Everything was dark and black. You could barely see anything, except for the light from the mobile phones of those present. But suddenly, white lights illuminated the labyrinth-like room of the New York Performance Space, the venue for Eckhaus Latta‘s latest show during New York Fashion Week.

Demdike Stare’s music was playing, and it got louder until it broke and the creations designed by the duo of designers that make up the brand, Mike Eckhaus and Zoe Latta, began to appear.

Black was one of the main protagonists of the line, and above all of the first part, since until look number 17, we hardly saw any other color than this or the lime green that added the acid touch to some of them.

There was a differentiation between the looks at the beginning and those at the end. This was related to the path in search of light, that when the right direction was found, we started to see the optimistic touches of pink, or light yellow and cream pieces. From this moment on we could see the garments that truly reflected the essence of the brand, such as the jumpers and waistcoats in sand composition, the cardigans with openings in the chest area and with zip, and the faded jeans in brown.

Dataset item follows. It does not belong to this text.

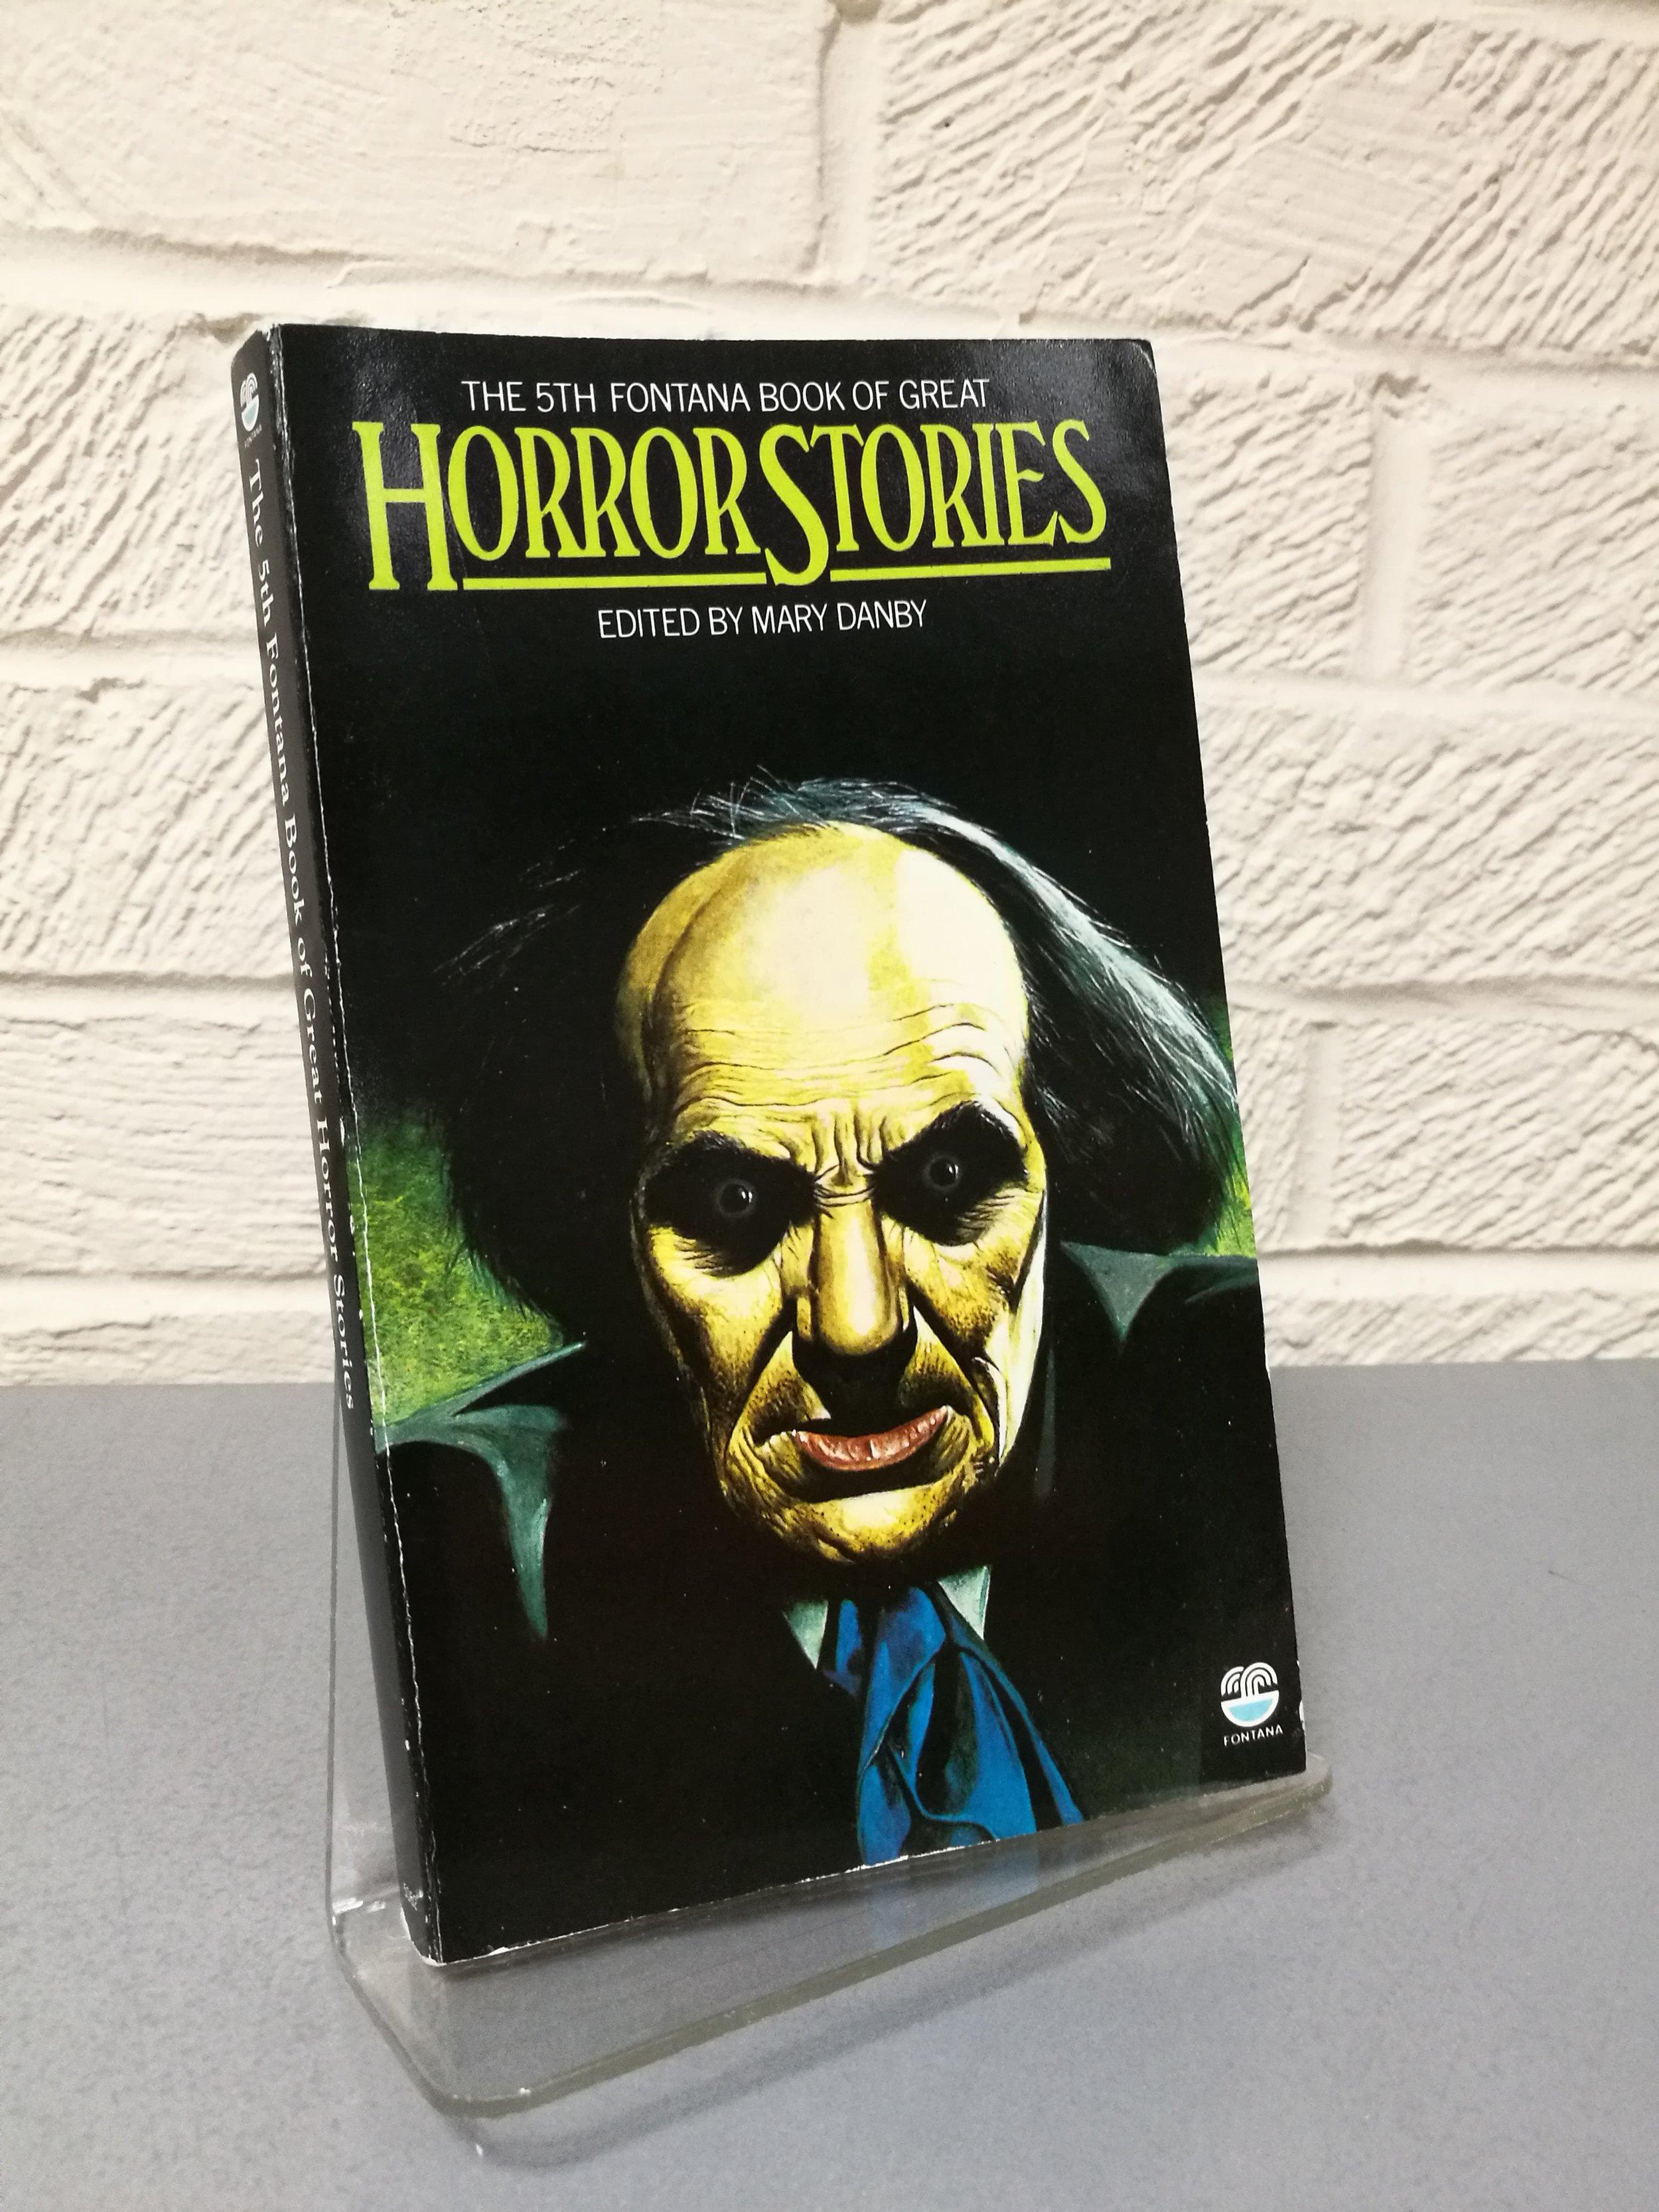 LB - Image - Horror Lounge - Dawn Sinclair - 5th book 1982.jpg
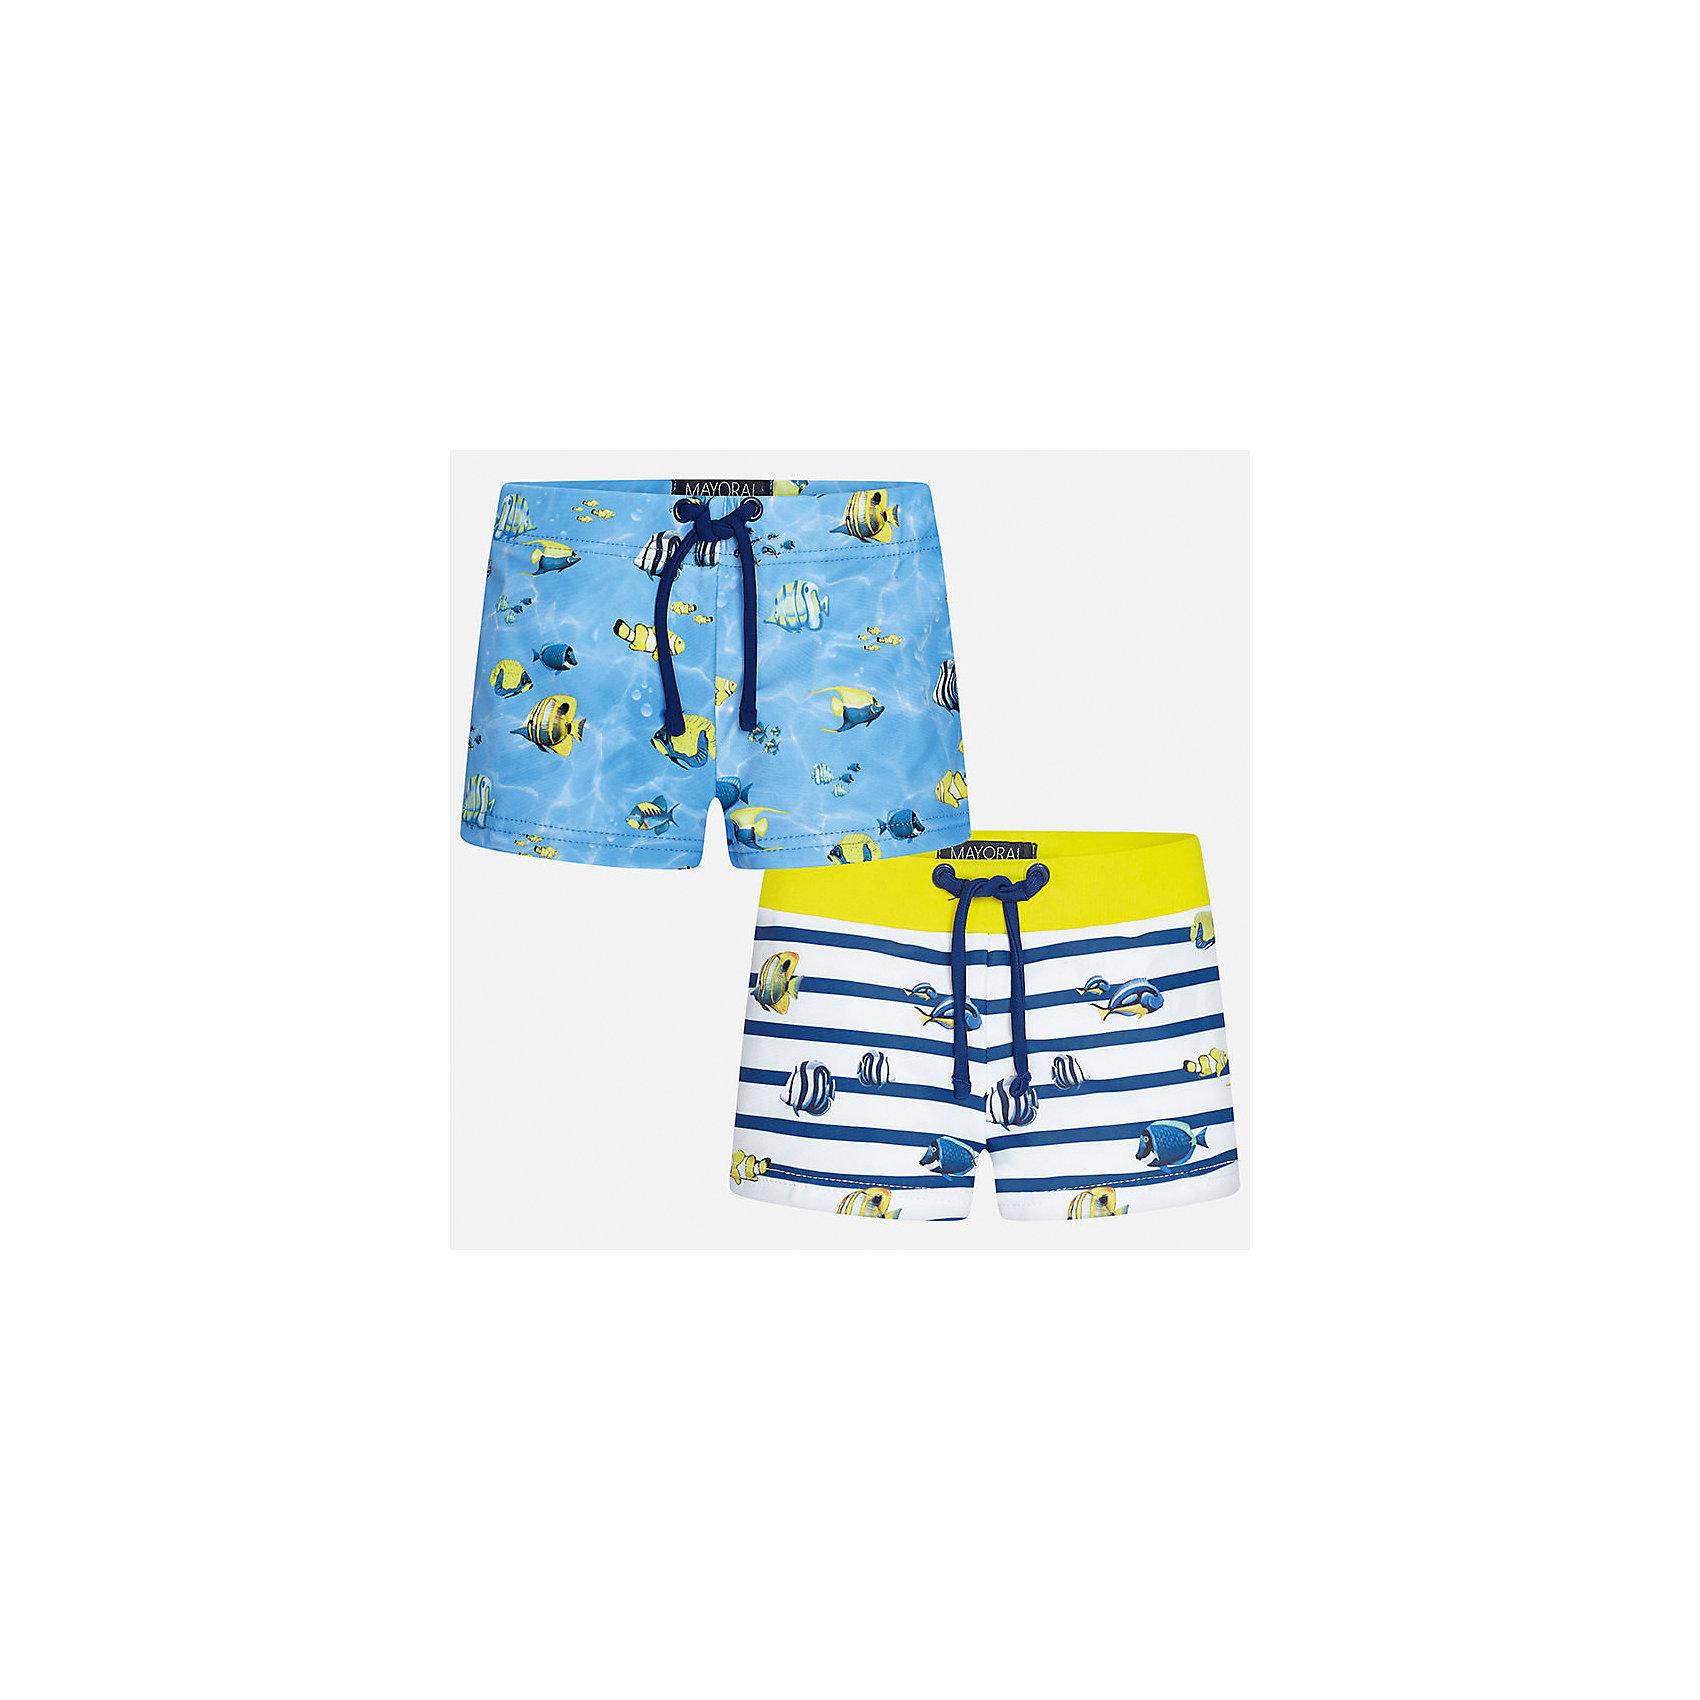 Плавки-шорты (2 шт.) для мальчика MayoralХарактеристики товара:<br><br>• цвет: голубой/белый<br>• состав: верх - 85% полиэстер, 15% эластан, подкладка - 100% полиэстер<br>• украшены принтом<br>• комплектация: 2 шт<br>• с подкладкой<br>• быстросохнущий материал<br>• страна бренда: Испания<br><br>Одежда для купания должна быть удобной! Этот комплект плавок для мальчика не только хорошо сидит на ребенке, не стесняя движения и не натирая, он отлично смотрится! Плавки сшиты из плотной ткани, но она очень быстро высыхает. Интересная расцветка модели делает её нарядной и оригинальной. <br><br>Одежда, обувь и аксессуары от испанского бренда Mayoral полюбились детям и взрослым по всему миру. Модели этой марки - стильные и удобные. Для их производства используются только безопасные, качественные материалы и фурнитура. Порадуйте ребенка модными и красивыми вещами от Mayoral! <br><br>Плавки для мальчика от испанского бренда Mayoral (Майорал) можно купить в нашем интернет-магазине.<br><br>Ширина мм: 191<br>Глубина мм: 10<br>Высота мм: 175<br>Вес г: 273<br>Цвет: желтый<br>Возраст от месяцев: 18<br>Возраст до месяцев: 24<br>Пол: Мужской<br>Возраст: Детский<br>Размер: 92,80,86<br>SKU: 5279713

Continuing with the distinctions, but this time referring not to the looks but to the rest of the collections presented previously, the proposal that was seen was something totally new. You know what they say, renew or die. And Zoe and Mike corroborate what we say since for your information the new E.L. vibe comes after FedEx lost their main collection last season. As you can imagine, it’s not a nice thing to have to happen, but there’s a silver lining to everything, and that bad mood and sense of living on the edge that it generated at the time has been reflected in the line.

And blessed be that feeling of living on the edge, because thanks to it, garments like the amber organza shirt or the leather bow skirts in black (the look that closed the men’s part, not the show) were made.